A compound is found to contain 23.3% magnesium, 30.7% sulfur, and 46.0% oxygen. What is the empirical formula of this compound?

To find the empirical formula of a compound, follow these steps:

1. Assume that you have 100g of the compound. This means that the percentages can be read as grams. So, you have 23.3g of Magnesium (Mg), 30.7g of Sulfur (S), and 46.0g of Oxygen (O).

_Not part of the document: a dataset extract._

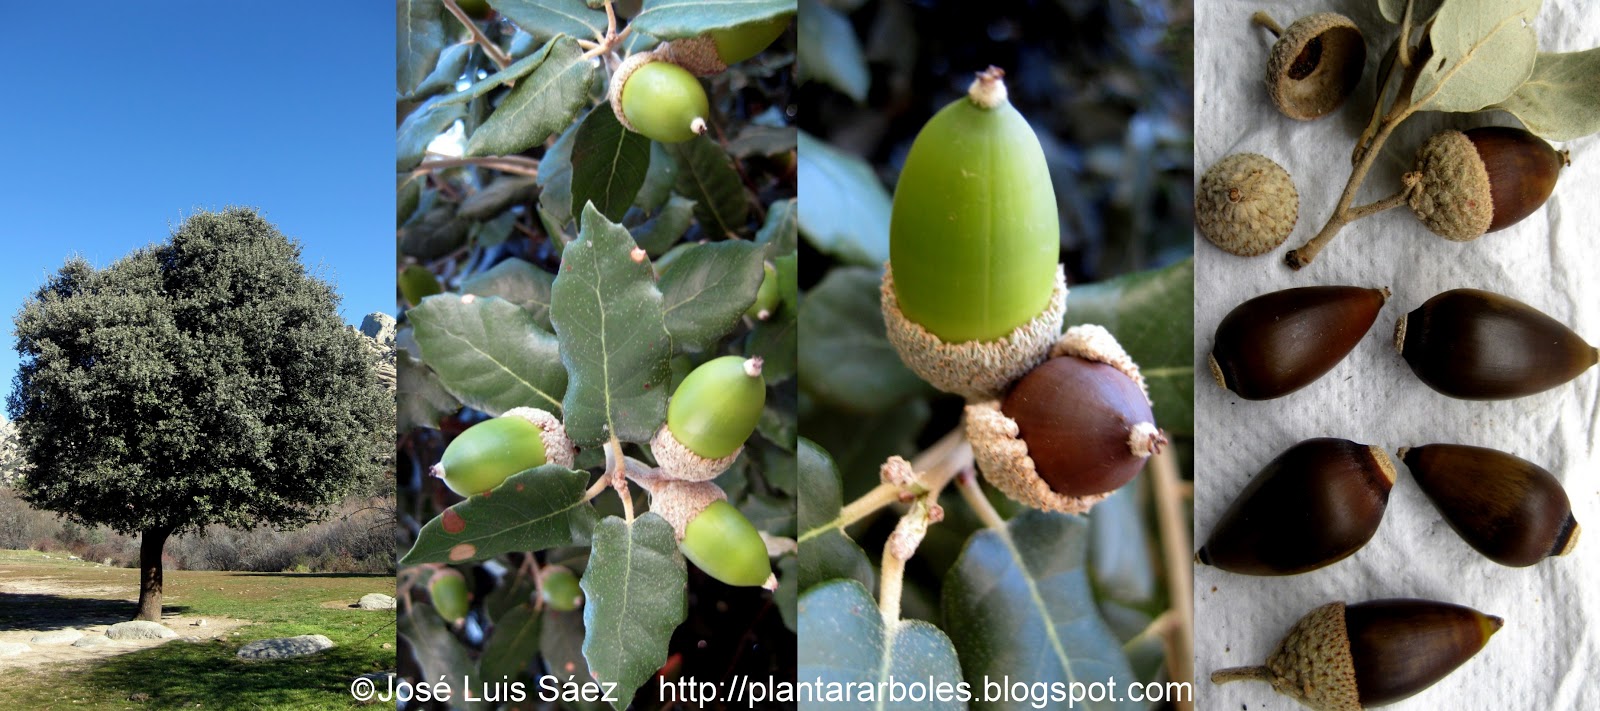 La encina y el fruto que a la vez es la semilla que podemos plantar. Imagen obtenida del blog de José Luis Sáez
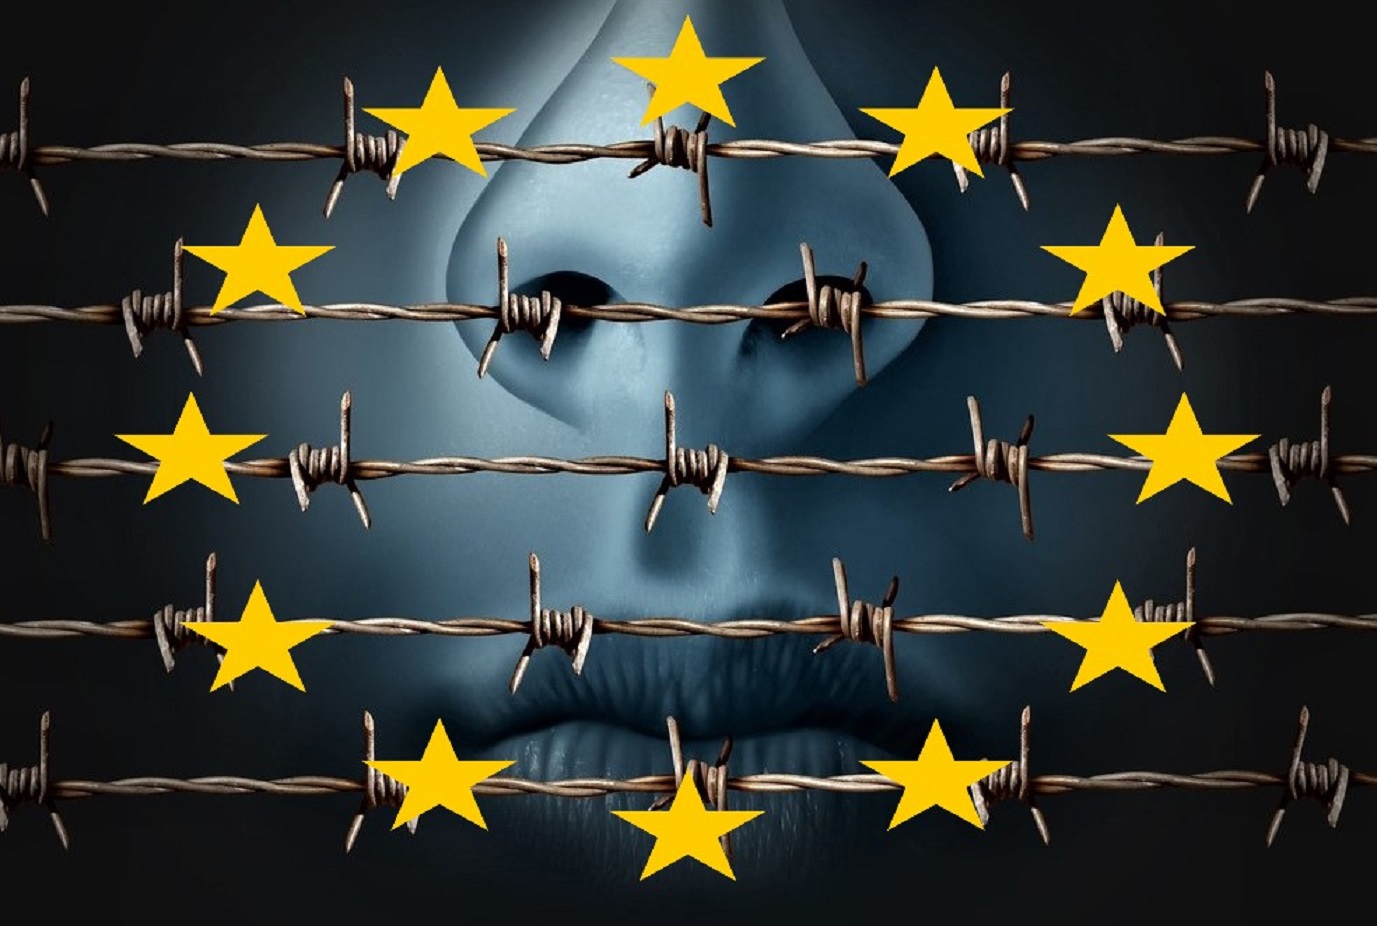 Artículo 13: La nueva ley europea para acabar con Internet (Video)

2. Convert the mass of each element to moles. The atomic mass of Mg is approximately 24.31g/mol, S is approximately 32.07g/mol, and O is approximately 16.00g/mol.

   Moles of Mg = 23.3g / 24.31g/mol = 0.958 moles Moles of S = 30.7g / 32.07g/mol = 0.957 moles Moles of O = 46.0g / 16.00g/mol = 2.875 moles

3. Divide each mole quantity by the smallest number of moles calculated. In this case, the smallest number is 0.957.

   Ratio of Mg = 0.958 / 0.957 = 1.001 ≈ 1 Ratio of S = 0.957 / 0.957 = 1 Ratio of O = 2.875 / 0.957 = 3.002 ≈ 3

4. The empirical formula is the elements with their respective ratios. So, the empirical formula of the compound is MgSO3.